但从过时的报纸上,她也可以看到吴州的改革与变化,可以看到安昕的政治思想、施政思想、哲学思想和管理思想,她也曾默默地学习,但她发现对方的思想似乎有些“离经叛道”了,有些脱离了传统的“家天下”的思想。
“赤云,明日在汉王府,开一场闭门会。”
“闭门会”这个词,还是她从安昕那里学来的,但很贴切。她说著,拧开钢笔帽,从一张白纸上写下了几个名字。
赤云接过秦十月递过来的纸条,看到上面的名字:“都是宗內长老,其余教中高层不叫了吗?”承影宗虽然架空了整个圣火教,但圣火教之中也还有部分原本靠近秦十月的高层。
在剪除原教主张山以后,承影宗的身影已经浮现了出来,教內高层也已经知晓了承影宗的存在。这个时候如果承影宗自己人突然聚起来开一个闭门会而不喊上他们,恐怕就会受到猜忌而离心离德。“不必了。”
秦十月摆了摆手。
她要做的事情,承影宗內反对声会更大,先解决掉宗內事务,外边的人反而更好解决。
待赤云出去以后,她轻轻一招手,只听空气之中“呛唧”一声传来,接著一把长剑落入了她的手中。剑身不知是何材料製成,澄澈透明,入水无形。

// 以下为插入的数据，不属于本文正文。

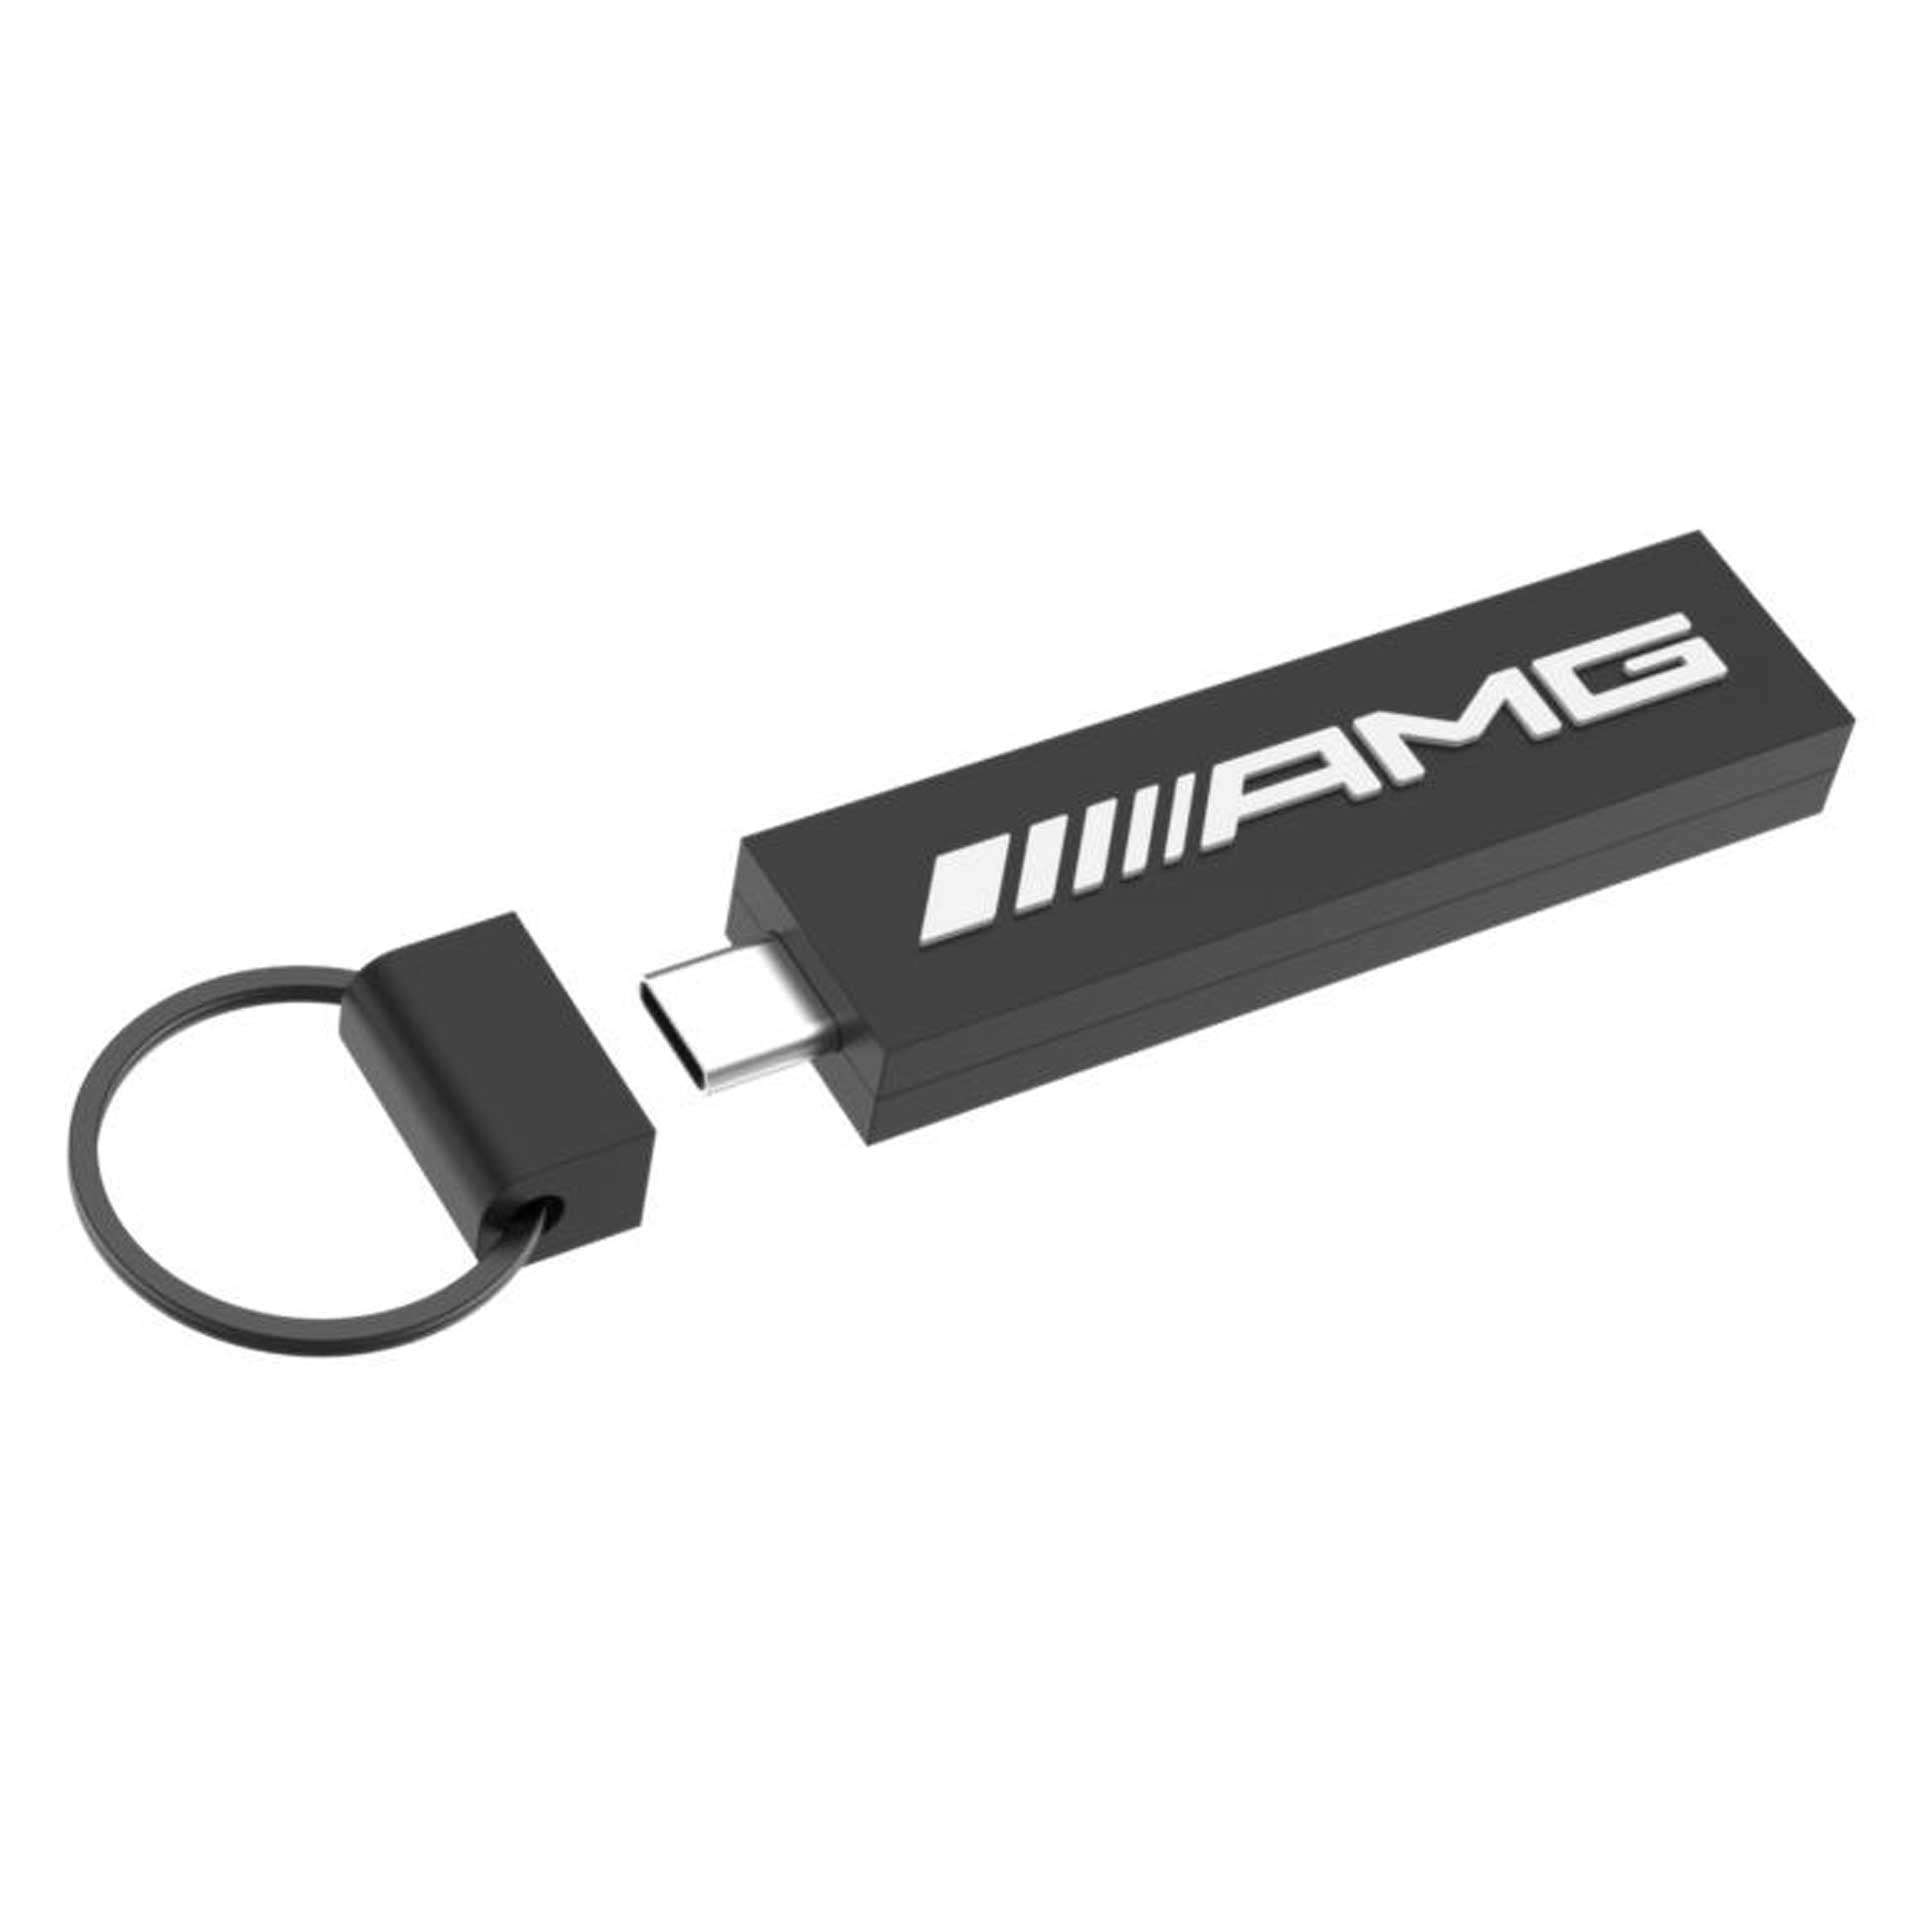 Mercedes-AMG USB-C-Stick 32 GB schwarz B6695992339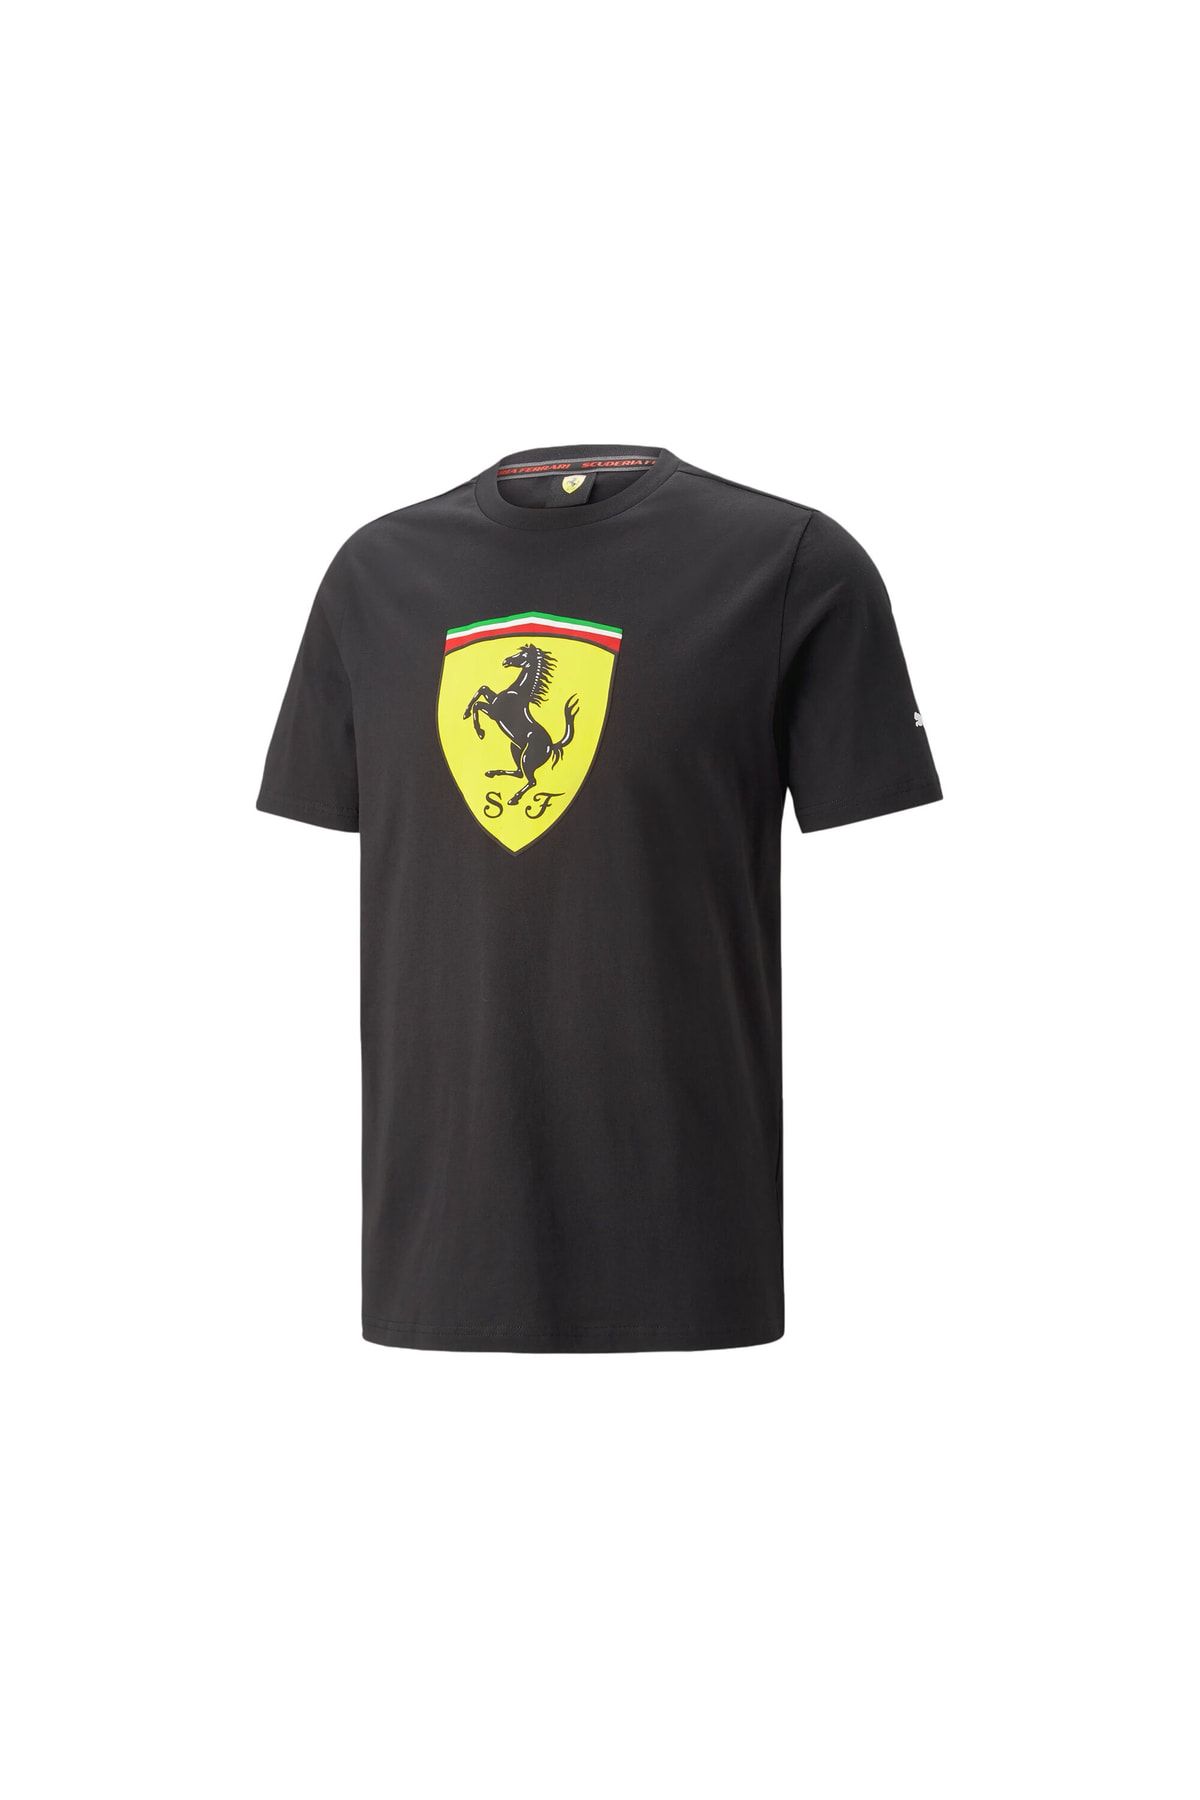 Puma Ferrari Race Big Shield Tee Erkek Günlük Tişört 53817501 Siyah

这是她的法器之一,行走江湖名为雪花剑,原名承影剑,是承影宗宗主世代相传的佩剑,代表了宗主的身份。
“鐺鐺鐺鐺”
她又取出一个拨浪鼓,轻轻转动,顿时发出清脆震耳的声音。
这声音荡漾,空气之中生出常人看不见的涟漪,这涟漪扩散开去。
“汪汪汪汪。。”
门口的一条小狗叫了几声,四条腿走路变得软软噠噠,没走几步路就歪倒在了地上,不知是睡过去了、还是晕了过去。
朝鲜,金罗道。
“殿下!”
金墒提著袍服,快步的朝著山上的庙宇跑去。
因为出使大燕有功,他已从议政府左参赞晋升为左议政,相当於正一品左相,位高权重。
拾级而上,庙宇连片,香火鼎盛。
庙门之前,持刀的两班护卫肃然站立。
金境顾不得仪態,几乎是衝进了大王修持所在的静室。
“殿下!大喜!天大的喜讯啊!”
静室之中,朝鲜大王李颂一身素袍,正对著一卷佛经静坐。
他面容清瘫,眉宇间是化不开的忧色。
国都被清军所破,宗庙被毁,自己逃亡至这金罗道,名为“巡幸”,实为避难,此乃奇耻大辱,亦是亡国之忧。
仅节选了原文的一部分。